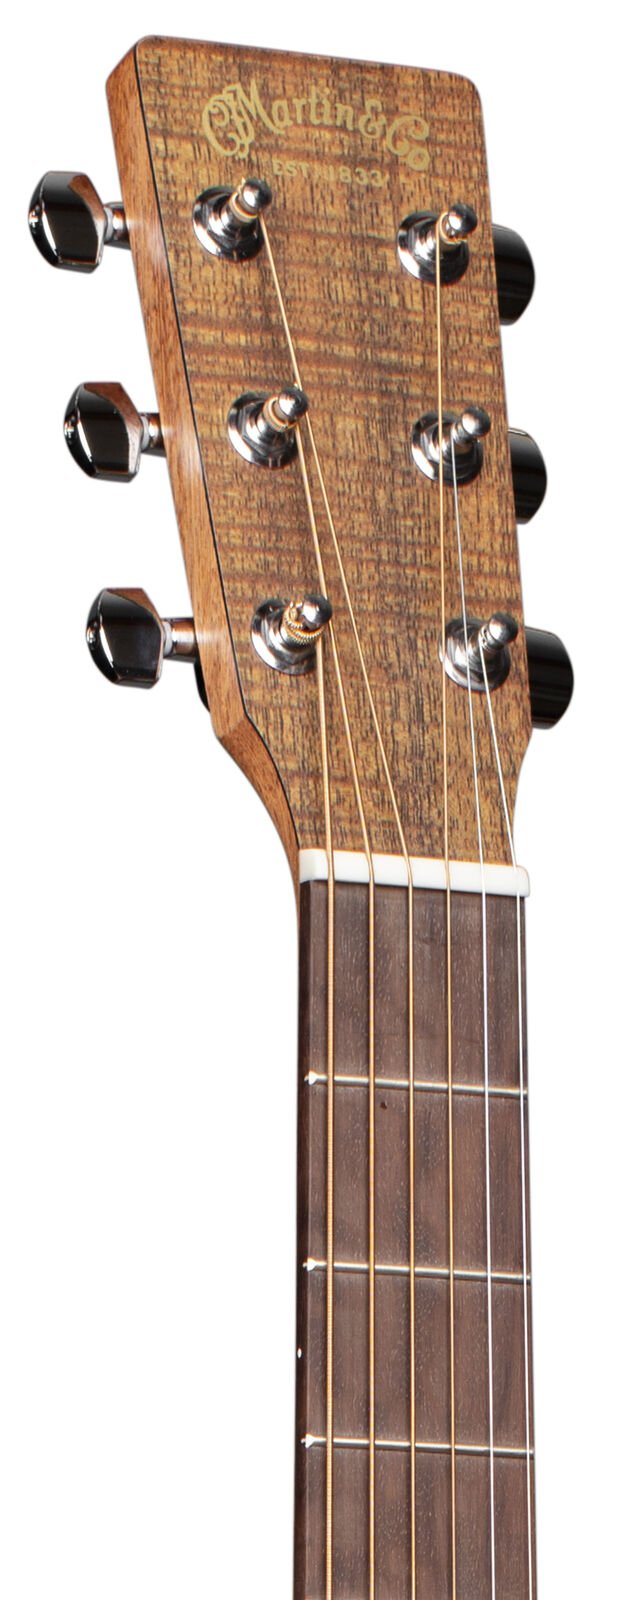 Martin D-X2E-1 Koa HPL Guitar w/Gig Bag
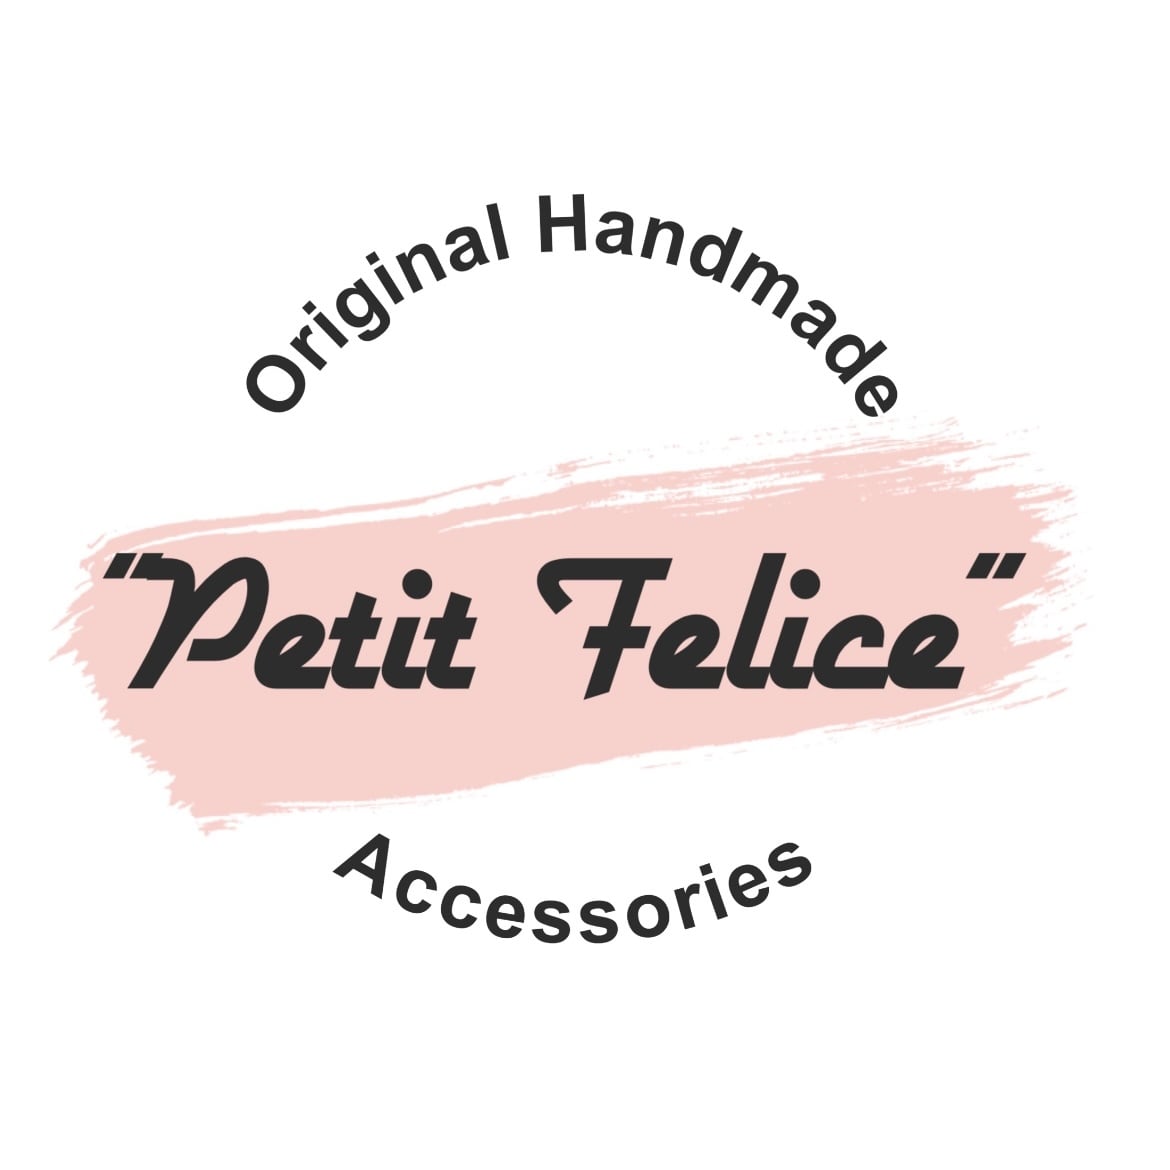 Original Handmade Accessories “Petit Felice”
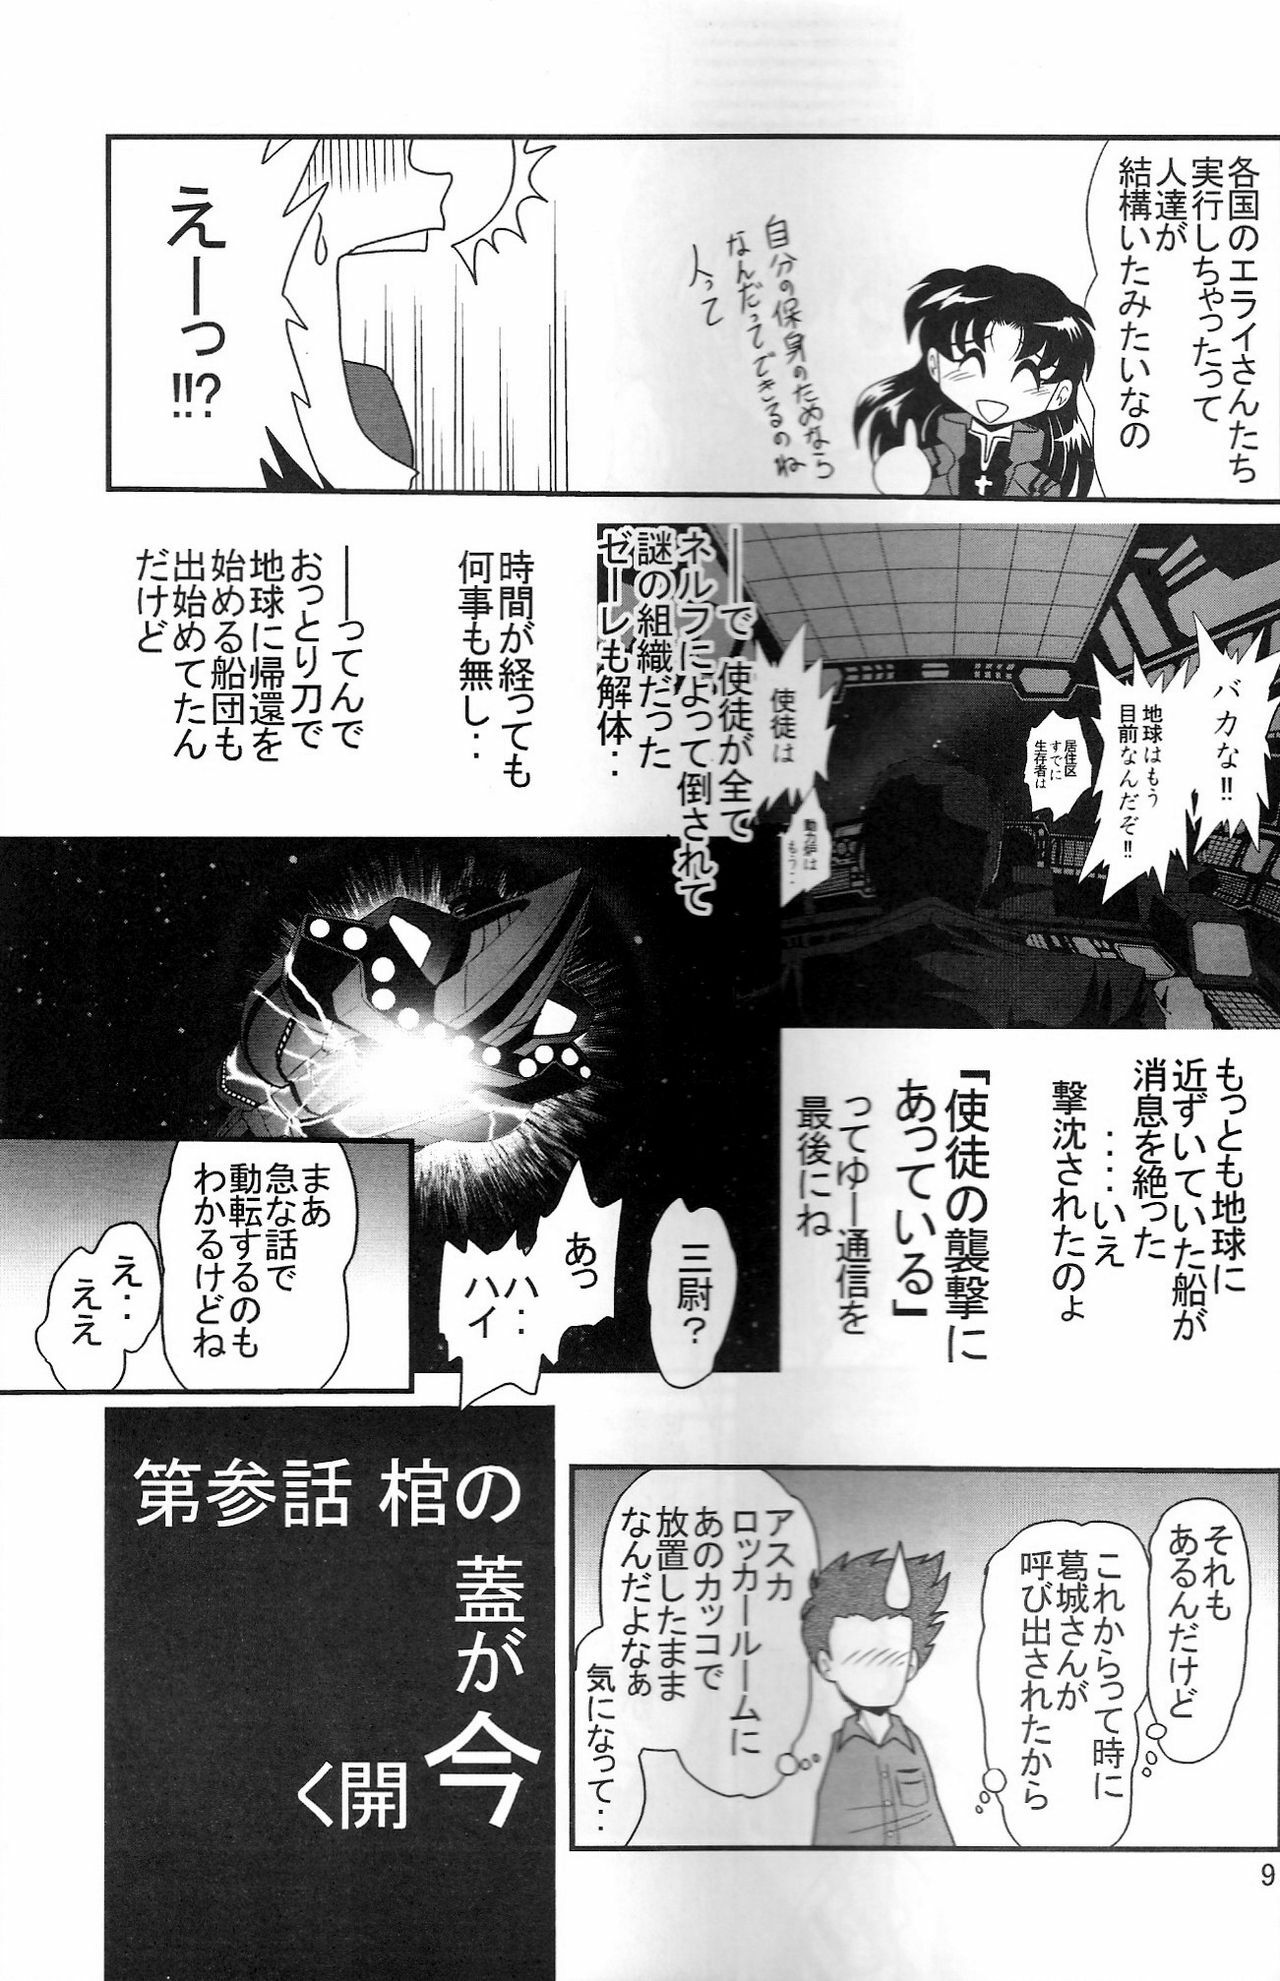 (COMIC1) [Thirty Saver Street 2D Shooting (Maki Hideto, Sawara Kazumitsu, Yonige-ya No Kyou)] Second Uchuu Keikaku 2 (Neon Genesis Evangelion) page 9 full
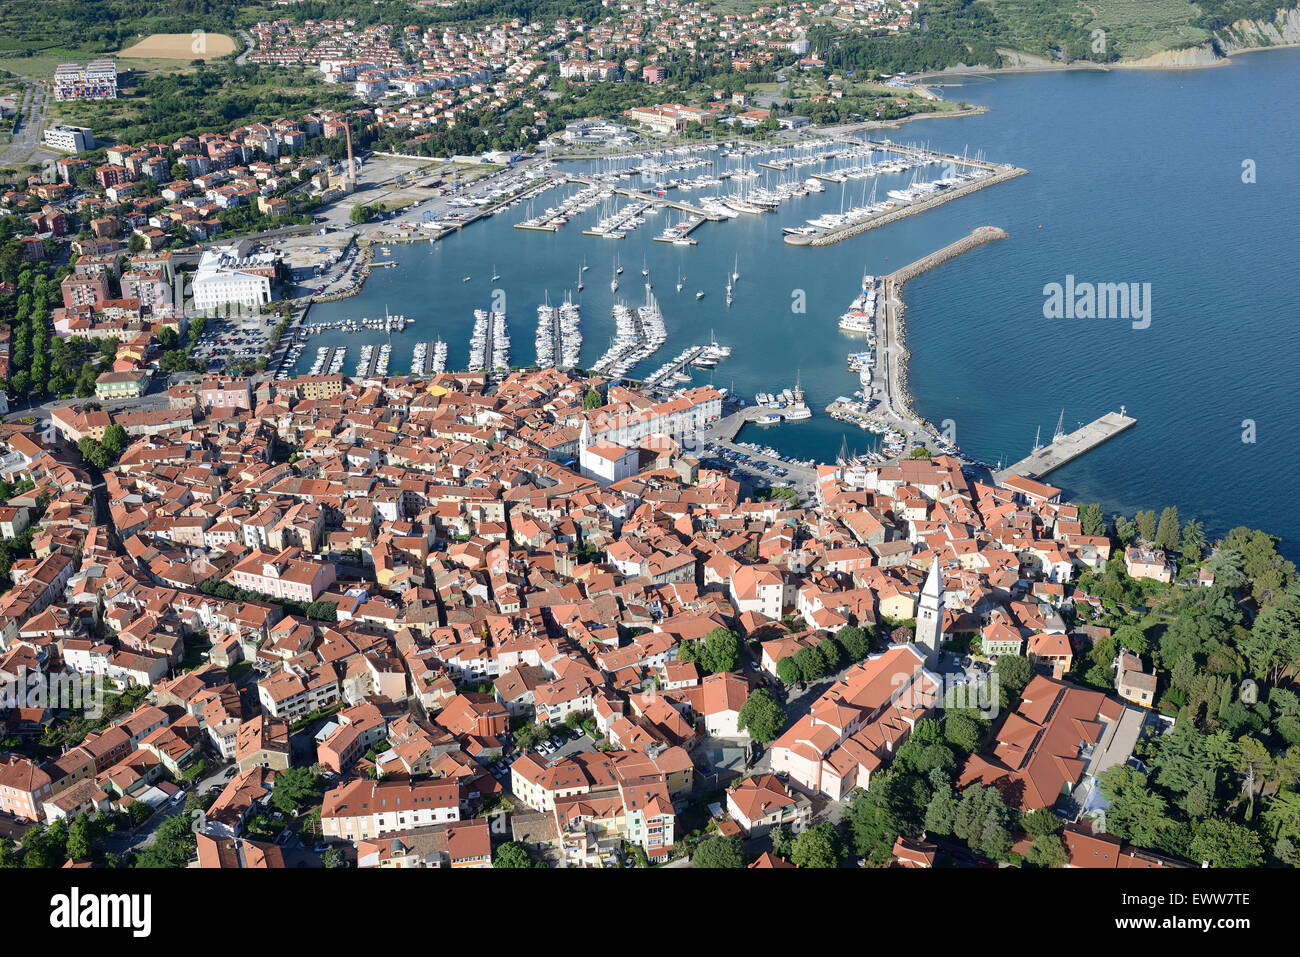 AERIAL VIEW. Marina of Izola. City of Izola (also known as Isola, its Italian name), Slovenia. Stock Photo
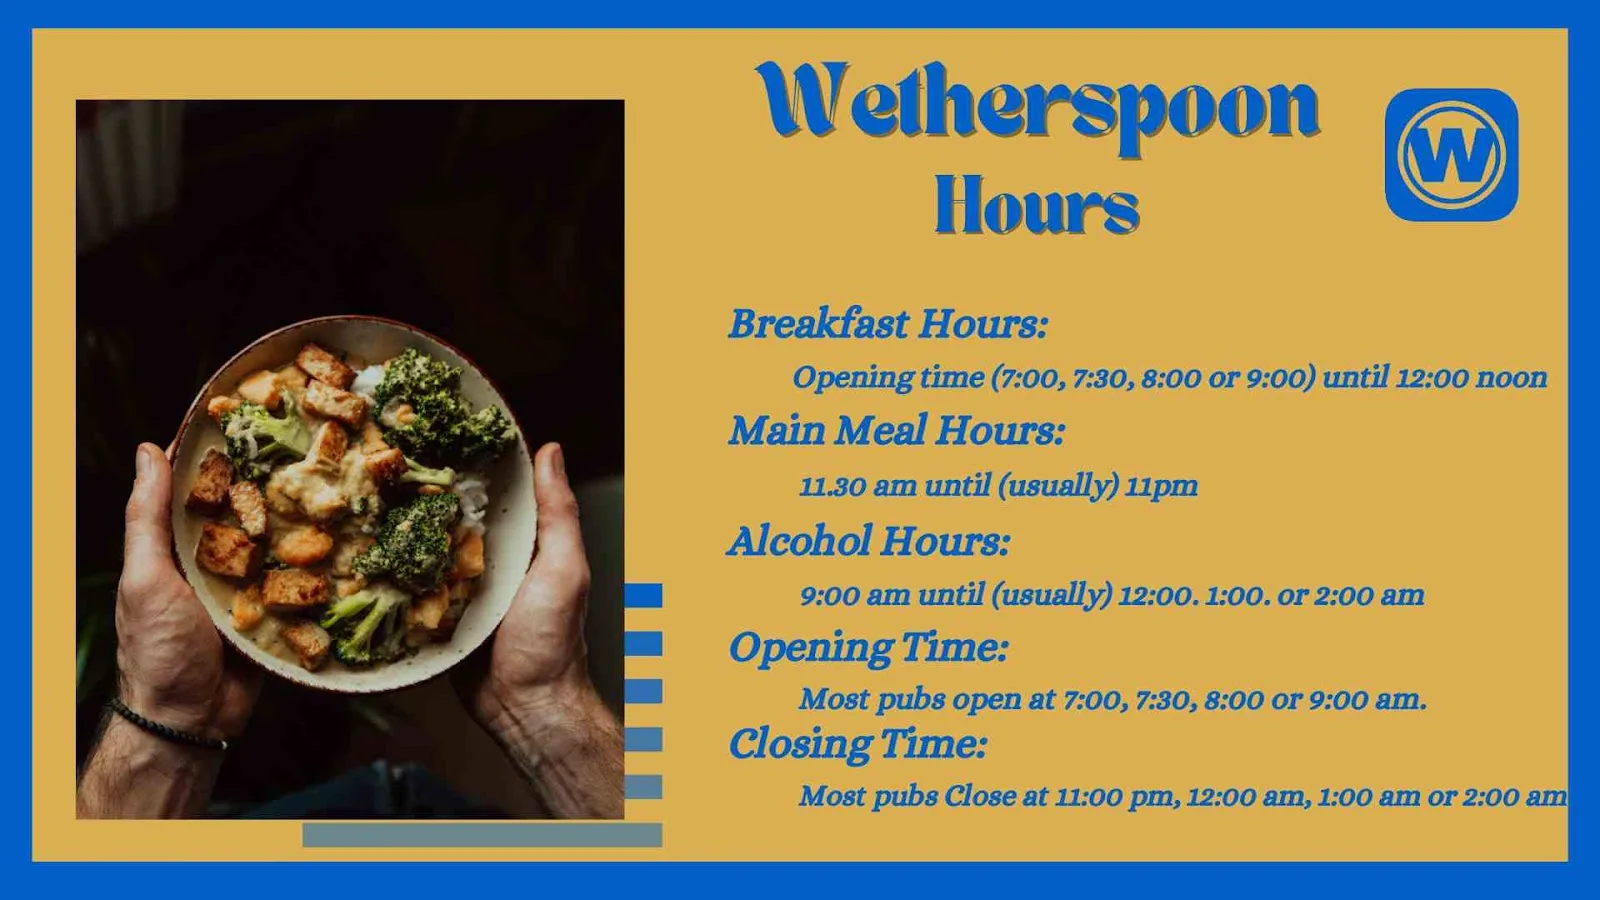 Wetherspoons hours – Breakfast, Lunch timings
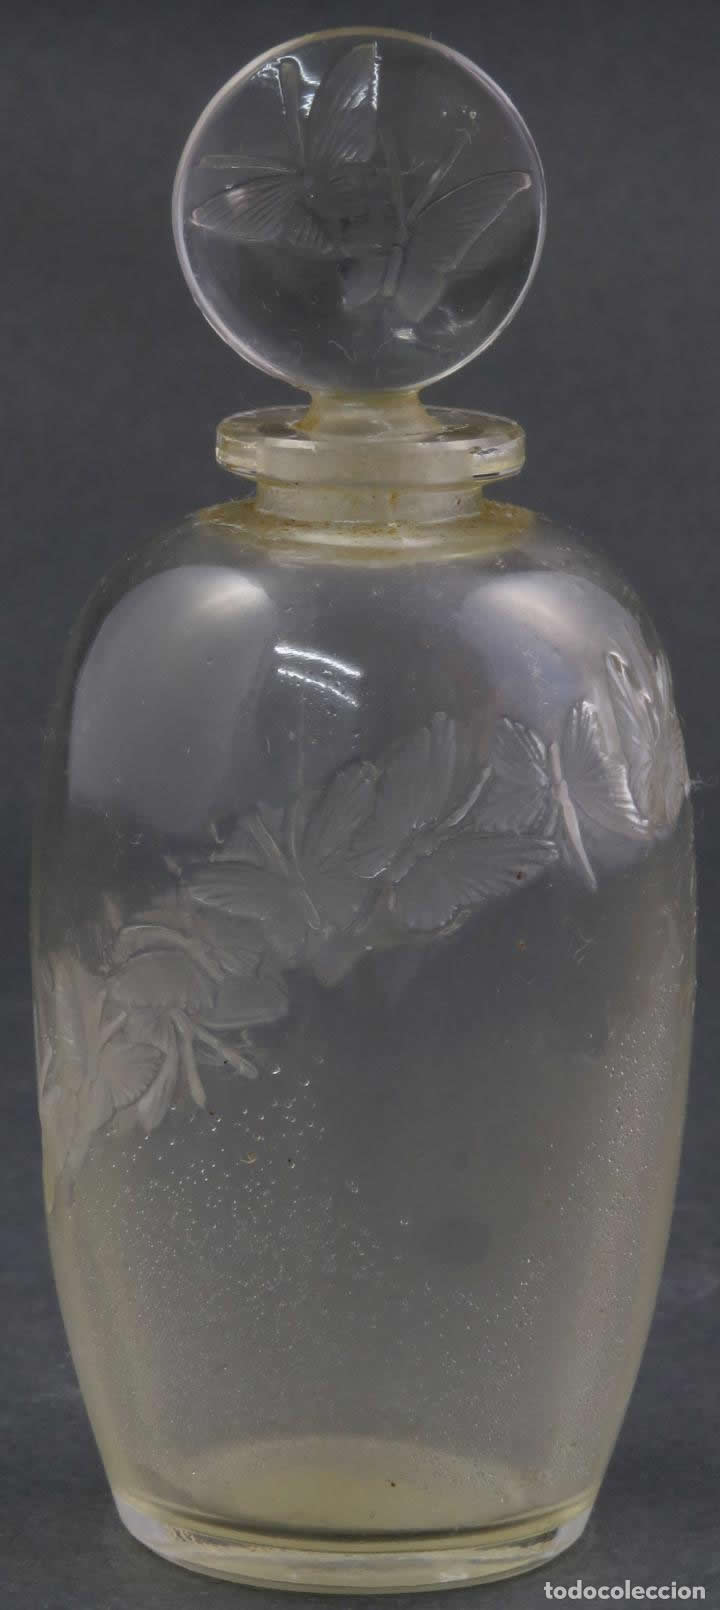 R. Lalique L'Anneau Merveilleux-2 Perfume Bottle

####################

• **WORK TO COMPLETE**
Copy the data verbatim, skipping any image it holds.

• **EXPECTED OUTPUT**
 Martin D-X2E-1 Koa HPL Guitar w/Gig Bag
 Original Handmade Accessories “Petit Felice”
 (COMIC1) [Thirty Saver Street 2D Shooting (Maki Hideto, Sawara Kazumitsu, Yonige-ya No Kyou)] Second Uchuu Keikaku 2 (Neon Genesis Evangelion) page 9 full
 AERIAL VIEW. Marina of Izola. City of Izola (also known as Isola, its Italian name), Slovenia. Stock Photo
 Wetherspoons hours – Breakfast, Lunch timings
 R. Lalique L'Anneau Merveilleux-2 Perfume Bottle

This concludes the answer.